Подчеркивая "чисто монологическую выдержанность", "одноязычность и одностильность" греческого романа13, "скованность кругозора" и принципиальную близость к эпосу романа рыцарского"14, "патетический" ("поэтический") пафос барочного романа15, М.М. Бахтин, несмотря на ряд оговорок, убедительно показал, что, существуя в обстановке социальной расслоенности языков, все эти жанры отнюдь не превращают такую расслоенность в свой конститутивный признак, но весьма жестко подчиняют ее "абстрактно-идеализирующим" (монологическим) тенденциям. Но ведь это означает, что, изобразив движение от "эпоса" к "роману" как движение от "монолога" к "диалогу", М.М. Бахтин тем самым вынужден был если и не полностью исключить эти жанры из "подлинного" романа, то во всяком случае отодвинуть их далеко на обочину столбовой дороги романного развития.

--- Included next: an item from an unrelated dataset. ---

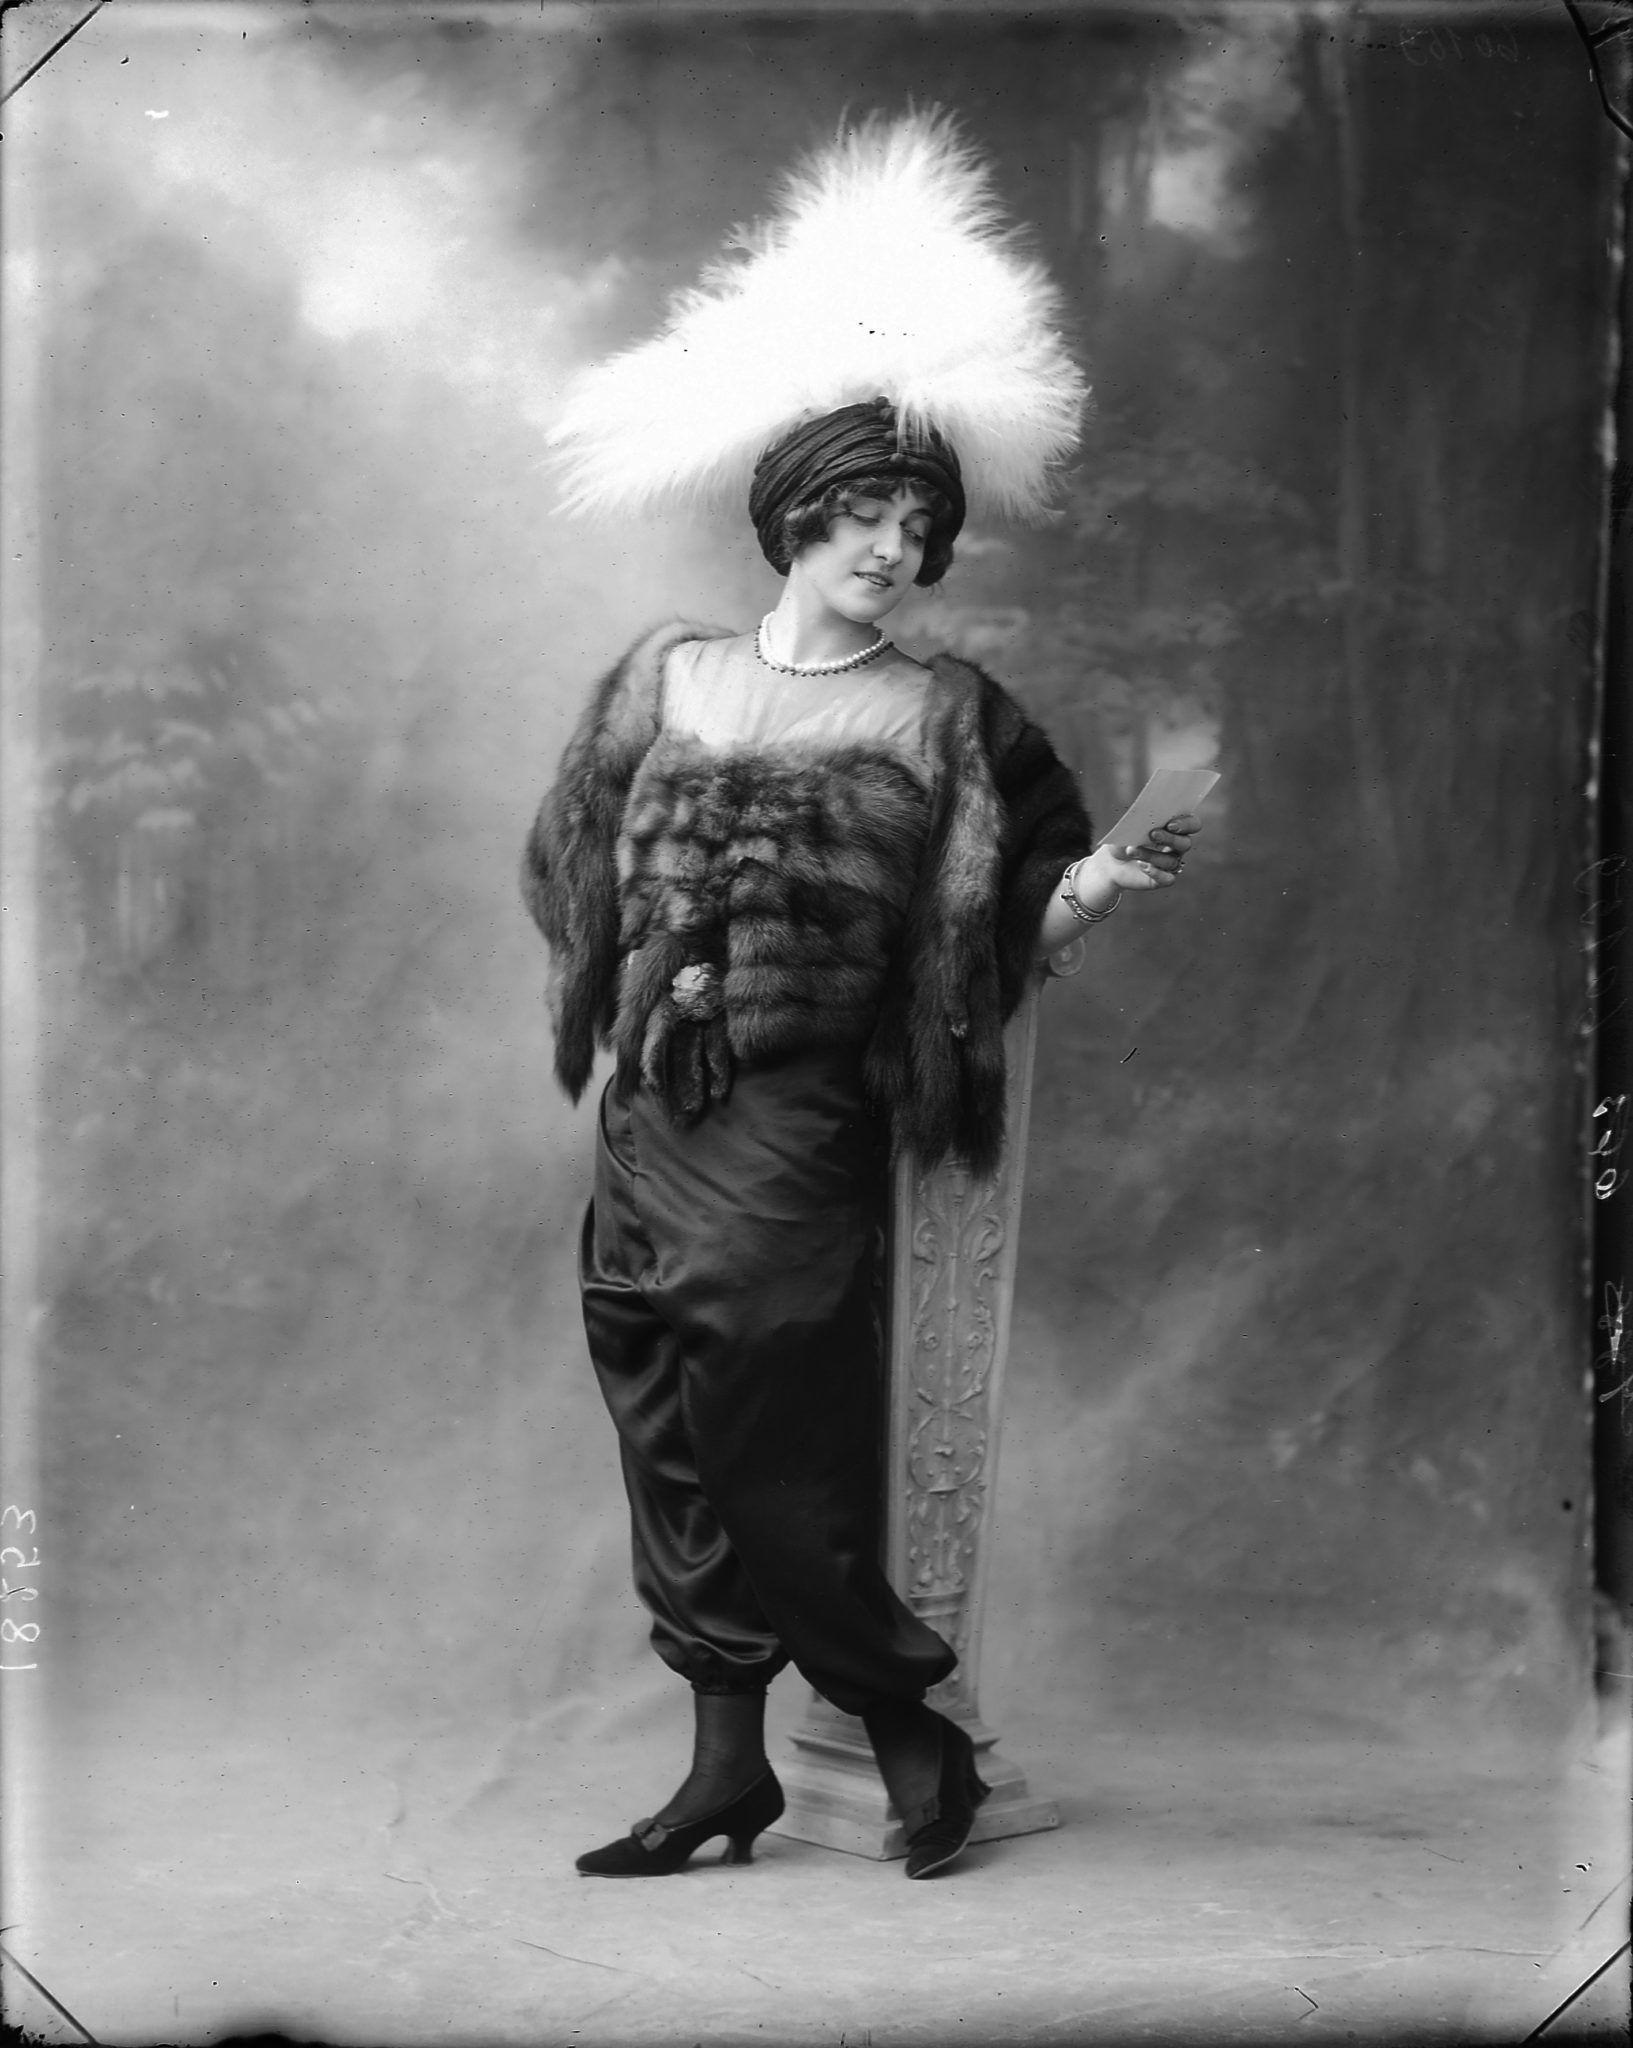  Lyda Borelli con la jupe-culotte, 1911 circa. Fotografia di Mario Numes Vais. ICCD-GFN, Archivio Nunes Vais, Roma

Правомерно ли это? И, главное, можно ли жанр романа как таковой рассматривать в качестве воплощенной стихии социального разноречия?

Задумываясь над этими вопросами, следует обратить внимание на то, что само выражение "диалог" М.М. Бахтин употребляет по меньшей мере в двух существенно разных смыслах. С одной стороны, под диалогическим словом он понимает всякое слово, которое, стремясь утвердить определенную точку зрения на предмет, встречает на своем пути иные ("чужие") слова о том же предмете и потому вынуждено полемически к ним прислушиваться и на них реагировать16. В этом отношении, отмечает М.М. Бахтин, диалогическая ориентация присуща всякому живому слову, развертывающемуся в обстановке реального социального общения ("Только мифический Адам, подошедший с первым словом к еще не оговоренному девственному миру, одинокий Адам, мог действительно до конца избежать этой диалогической взаимоориентации с чужим словом о предмете. Конкретному историческому человеческому слову этого не дано"17. Любой сколько-нибудь серьезный диалог-спор движется верой в существование истины о предмете и в возможность прийти к этой истине. Поэтому для участника такого диалога все чужие мнения представляют собой лишь "упруго-напряженную среду", которую надо преодолеть, через которую надо пробиться к "своему смыслу" и к "своей экспрессии". Всякий говорящий стремится либо к тому, чтобы утвердить собственные, уже сложившиеся убеждения и представления, либо - в той или иной мере - скорректировать их: разворачиваясь в пространстве между полюсами "согласия" и "несогласия" с партнерами по коммуникации, диалог [49-50] является вовсе не самоцелью, но лишь почвой и средством социально-языкового общения; целью же оказывается овладение предметом мысли.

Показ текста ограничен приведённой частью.